Objective To expand the spectrum of glucose transporter type 1 deficiency syndromes with a novel clinical and radiological phenotype not associated with microcephaly.
Design Case report.
Setting Two academic medical centers.
Patient A 7-year-old patient followed up for 4 years.
Results The patient exhibited a predominant syndrome of chorea and mental retardation associated with a combination of paroxysmal ataxia, dysarthria, dystonia and aggravated intellectual disability induced by fasting or exertion. She harbored a sporadic, heterozygous amino acid insertion in the GLUT1 transporter (insY292) that, in all likelihood, impaired blood-brain glucose flux. Her brain configuration appeared hypotrophic via magnetic resonance imaging, particularly over the occipital lobes. A ketogenic diet resulted in brain growth that accompanied a favorable symptomatic outcome.
Conclusions To date, glucose transporter type 1 deficiency syndrome includes several epileptic and movement disorder phenotypes caused by the clinical expressivity of the prominent cortical, basal ganglia, and cerebellar abnormalities found in the disease, but hypomorphic or novel variants are probably yet to be discovered.

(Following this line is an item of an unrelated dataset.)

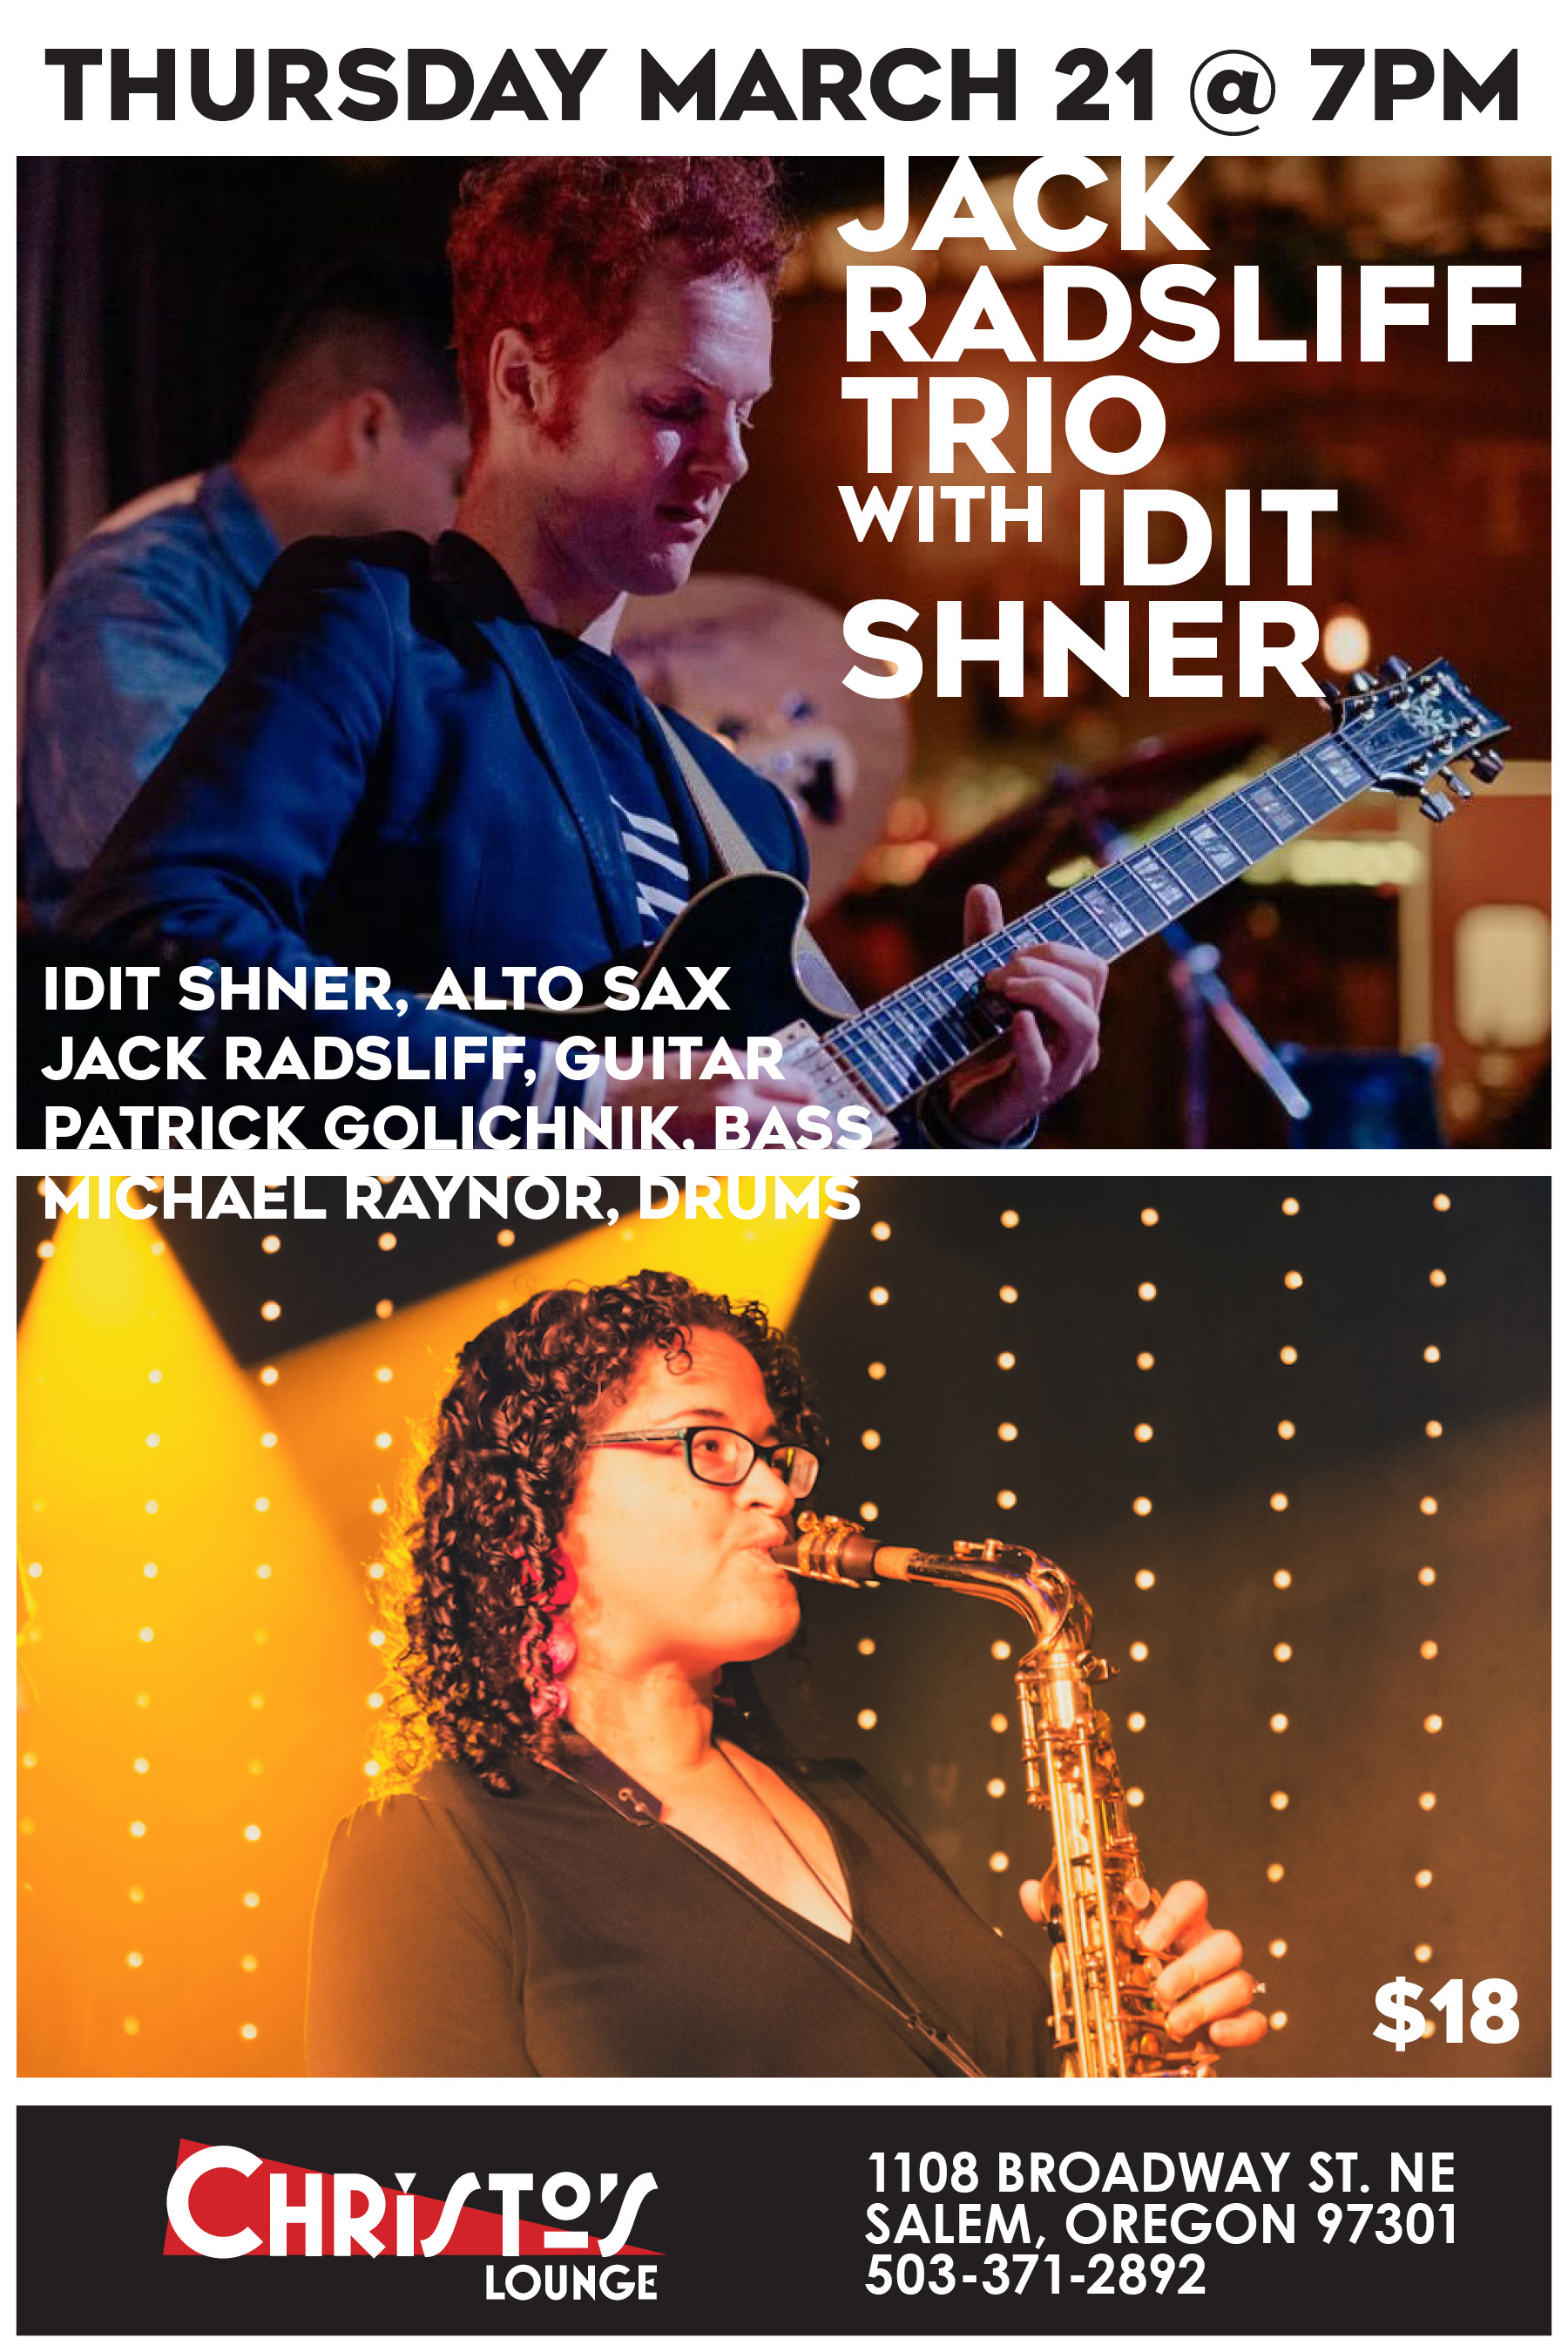 Jack Radsliff Trio with Idit Shnher

Author Affiliations: Departments of Neurology (Drs Pérez-Dueñas, Prior, Fernández-Álvarez) and Clinical Biochemistry, Hospital Universitari Sant Joan de Déu, Centro de Investigación Biomédica en Red: Enfermedades Raras, Instituto de Salud Carlos III (Dr Artuch), and Department of Nuclear Medicine, Hospital Clínic, (Dr Setoain) Barcelona, Spain; and Departments of Neurology (Drs Ma and Pascual), Physiology, and Pediatrics (Dr Pascual), The University of Texas Southwestern Medical Center, Dallas.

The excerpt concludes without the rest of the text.